"itu tempat apa?"
"semi-bar gitu,"
"kamu mabuk?"
"ya enggak lah, sayang,"
"nggak usah ya. tunggu aku, kita makan bareng aja di rumah ya,"
aku bisa saja marah. karena laki-laki ini melarangku pergi--sesuatu yang tidak sekali pun pernah ia lakukan. tapi seperti biasanya, marah tidak pernah jadi keahlianku. dan dalam hal ini, marah menjadi hal yang tidak pada tempatnya.
aku justru menurut, menunggu ia menjemputku seperti hari-hari sebelumnya. lalu kami pulang dan makan bersama di rumah.
hari ini, kukatakan padanya saat perjalanan ke kantor, aku mungkin akan pulang lebih malam. karena rekan kerjaku berulangtahun dan mungkin aku akan ikut dalam perayaan kecilnya.
"nanti kamu kabarin aja ya tempatnya di mana. nanti aku jemput. asal jangan mabuk ya,"

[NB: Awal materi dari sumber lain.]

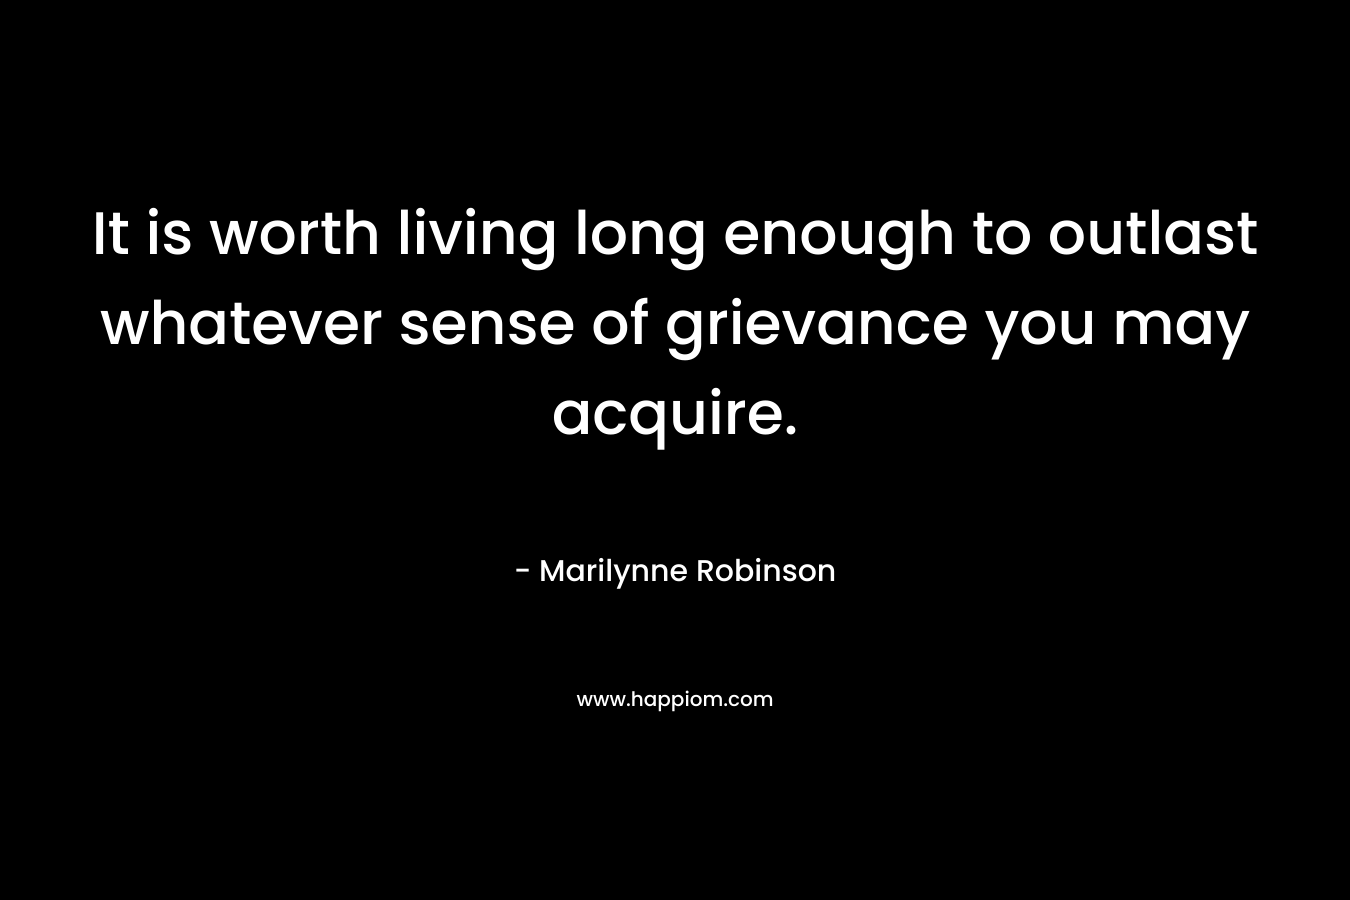 It is worth living long enough to outlast whatever sense of grievance you may acquire.

ia mengatakan hal itu bukan karena aku suka mabuk. hanya kukenali kekhawatiran dan kasih sayang luar biasa di nada bicaranya. atau barangkali ia tahu betul bahwa aku sudah setiap hari mabuk dengan apa yang kami sebut cinta. maka mabuk-mabuk lainnya menjadi hal yang sama sekali tidak perlu.
Jakarta,
dalam keadaan setengah mengantuk
menunggu ia di lobi kantor
akhir-akhir ini di kepalaku berputar lebih banyak imaji tentang kita. kadang kulihat kita sebagai sepasang yang riang, seperti kucing-kucing kecil yang berlarian di beranda rumahmu. kadang kubayangkan kita sebagai dua yang lebur jadi satu, saling cumbu di balik pintu.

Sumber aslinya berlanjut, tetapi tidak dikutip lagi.